Le petit mythomane victimaire a encore frappé. Après Orléans (sévices familiaux), après Reims (école de commerce), Yann Moix raconte son service militaire dans Verdun. Le Professore Ludovico s’intéresse très peu à l’auteur imputrescible de Podium, mais beaucoup à la créature médiatique et son biotope.
Mais là, impossible de laisser passer. Le jeune Moix a fait son service à l’Ecole d’Application d’Artillerie puis au 3ème Régiment d’Artillerie de Marine, à Verdun. Pas de chance, l’aspirant Ludovico est aussi artilleur : il a fait ses classes à l’EAA à la même période (1987), puis au 3ème Régiment d’Hélicoptères de Combat à Etain (20,5 km de Verdun)*. On allait voir ce qu’on allait voir.
On a vu.
Passons rapidement sur la forme : Moix se prend pour Péguy, mais n’est pas écrivain qui veut. Son style est ampoulé, verbeux ; rien de pire que quelqu’un prétend jouer la Ligue des Champions alors qu’il est remplaçant en National**.

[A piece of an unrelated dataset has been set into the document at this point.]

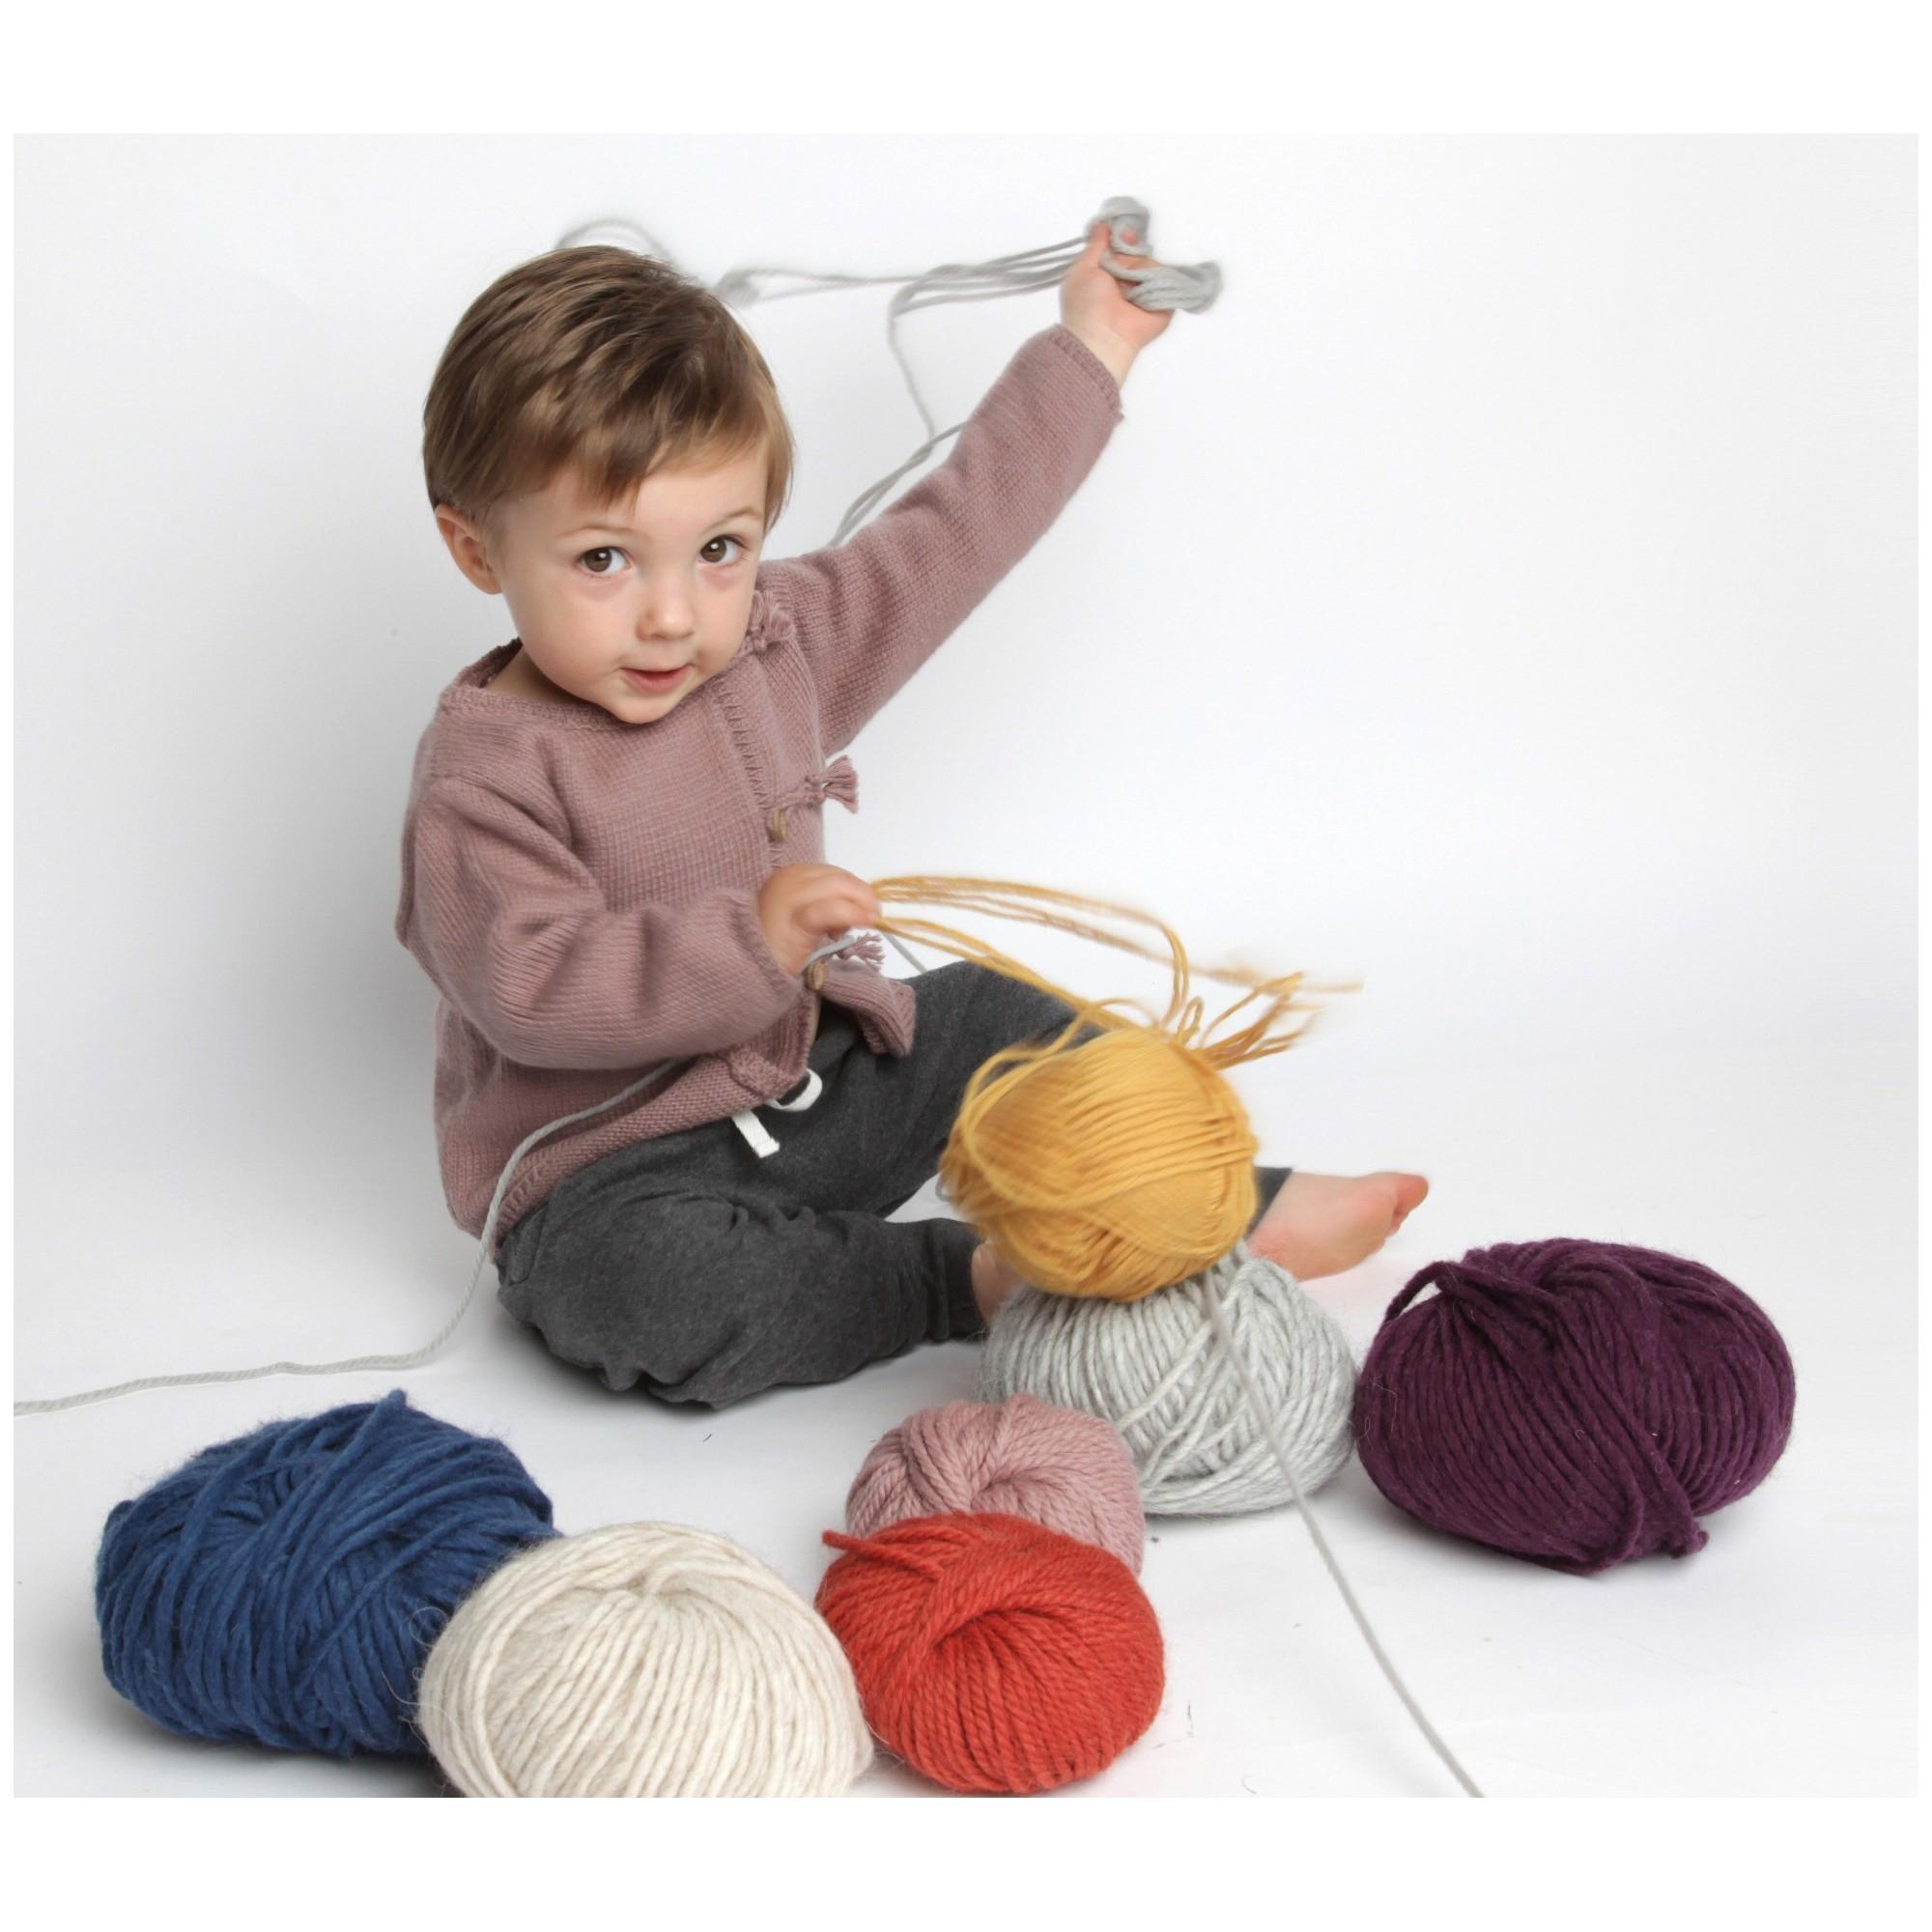 Gilet bébé taupe en coton et cachemire avec boutons bois tricoté en point jersey - porté avec sarouel-jogging anthracite 2

Passons rapidement sur le fond : ce livre est – à nouveau – l’inventaire des haines recuites de Yann Moix. Qui ne rencontre à l’armée que des nuls, des misérables, des loqueteux, et qui ne lie aucune amitié, ce qui est assez symptomatique. Car quel que soit votre expérience du Service National, vous avez toujours un copain de régiment qui traine, un souvenir cocasse, deux gars qui s’entraident, ou un adjudant sympa. Mais chez Moix, l’enfer, c’est les autres.*** Mépris pour les prolos qu’il encadre ; mépris pour ses camarades aspirants officiers, tous bizarrement issus de l’élite****.

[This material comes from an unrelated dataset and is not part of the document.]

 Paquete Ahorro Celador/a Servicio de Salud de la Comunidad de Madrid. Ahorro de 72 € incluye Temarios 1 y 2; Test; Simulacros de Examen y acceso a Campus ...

Ce n’est pas ça qu’on retiendra ici, mais plutôt l’exercice de mythomanie qui le caractérise. En douze mois, il arrive à l’aspirant Moix plus de malheurs qu’à un Poilu de 14 : trois copains suicidés, un élève aspirant sodomisé par son père, un autre qui finit dans une secte, un autre meurt du sida, un soldat est agressé au couteau, et Yann Moix lui-même est menacé de mort, puis agressé. A l’évidence, l’écrivain a vécu plusieurs services militaires, issus de souvenirs de quelques camarades. Ce n’est pas grave, puisqu’évidemment il y a marqué Roman sur la couverture ; comme d’habitude le mode de défense bidirectionnel des BOATS*****.
C’est par ailleurs dommage, car il y a matière, dans Verdun, à raconter honnêtement ce moment de vie des mâles de notre génération. Le Service National était une chose à la fois absurde et drôle, éprouvante et fun, inutile et enthousiasmante, stupide et grandiose.
Mais l’essentiel n’est pas là. C’est plutôt la posture victimaire qui habite tout le roman, car il s’agit bien d’un roman, à ce niveau-là de mensonges. Yann Moix s’ennuie, souffre le martyre (en gros, il a des ampoules), et le Service National est une terrible épreuve pour lui. Mais il oublie l’essentiel. Il est EOR (Elève Officier de Réserve) : il a voulu tout cela, et il ne le dit pas. Mais pour les initiés, il a laissé un indice qui le trahit : le premier chapitre s’intitule PPEOR, c’est à dire Peloton Préparatoire aux Elèves Officiers de Réserve. Pour faire le PPEOR, il fallait le demander. C’était un choix proposé lors des fameux « Trois jours ». Ceux qui le faisaient avaient plusieurs motivations : partir plus tôt, choisir leur affectation, devenir officier et donc faire un service plus intéressant et plus confortable. En clair, c’était un choix ! Connaissant son passé (conflits familiaux, révolte contre le système, petit passage facho), ce choix semble tout à fait cohérent… Il n’y aurait aucune honte à le dire, et le regard d’un homme de cinquante ans assumant les conneries de ses vingt ans serait intéressant…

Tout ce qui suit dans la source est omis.